A brief encounter with a weaver bird



The weaver bird. What a fascinating animal. Yesterday, while reading an article in the Economist magazine (which I recently discovered has some distribution in these parts), I noticed that one of these birds had landed on my patio chair. The chair is one of those nylon camping chairs, and is dark (or Duke) blue. The bird was similar to the one pictured, quite pretty to look at.

Weaver birds seem to spend essentially every waking moment tirelessly building and remodeling their nest. This one, it seemed, was foraging for building supplies.

I marveled at how many bones he must have in his neck, or rather how accommodating those bones must be, for his head could achieve impossible angles as he looked around.

Now to the fascinating part. After scanning the totality of my back porch and lawn, the bird darted directly toward the sliding glass door with such swiftness that I thought he would disembowel himself on it (for I have seen this happen). At the last instant, he threw back his ultra-limber neck and did a midair about-face. All I heard was a tiny click on the glass, and suddenly the bird was back on the chair.
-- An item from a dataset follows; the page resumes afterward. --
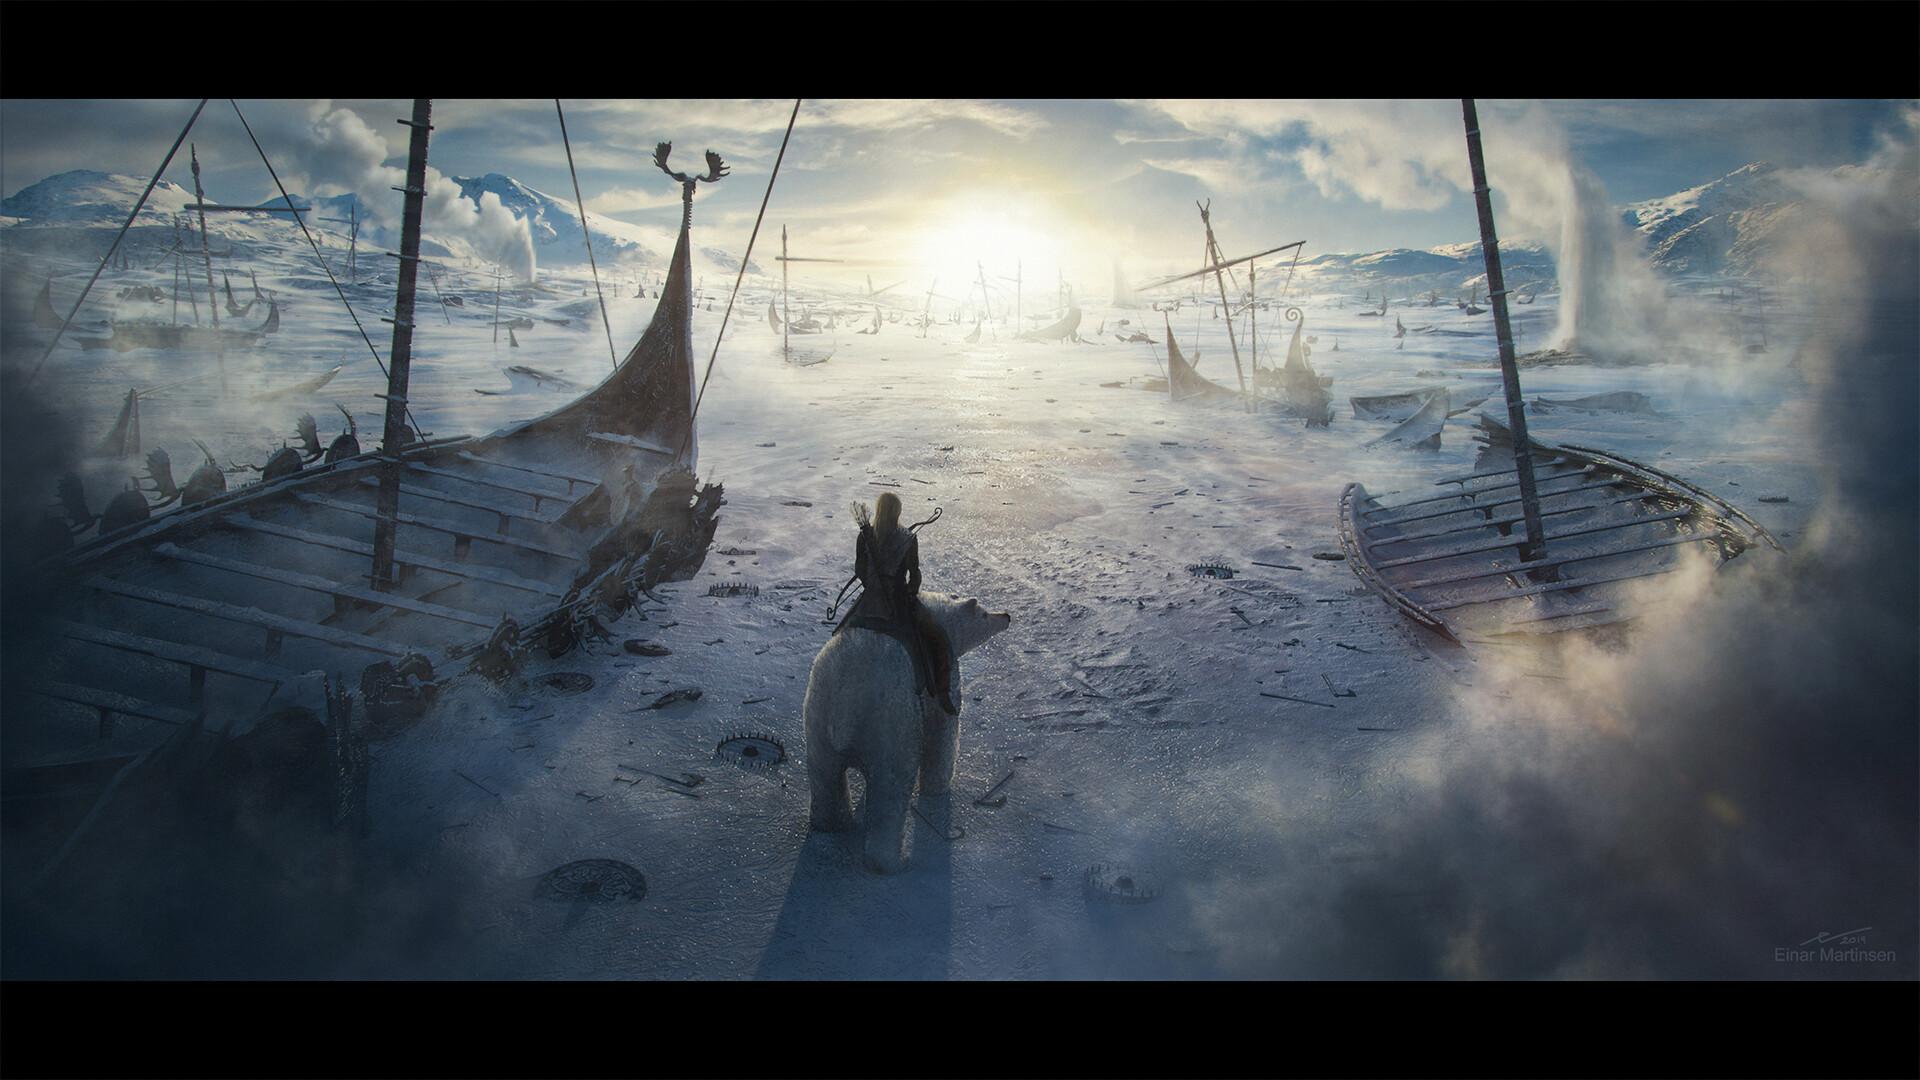 Einar martinsen viking cold desert em 01

Faintly in his beak, I saw what looked like a 2cm thread, a small, thin blade of grass. With that tiny piece of vegetation, he darted off. Curious, I stepped toward the glass door. To my surprise, I had been observing the bird through a delicate spider web, and in the web were a few tiny bugs and some debris, with a small interruption in the web where the bird had extracted his small discovery.

That small filament, as I type, is no doubt woven into the wall of one of the nests I see high in the pine trees outside of the dining room window from which I type.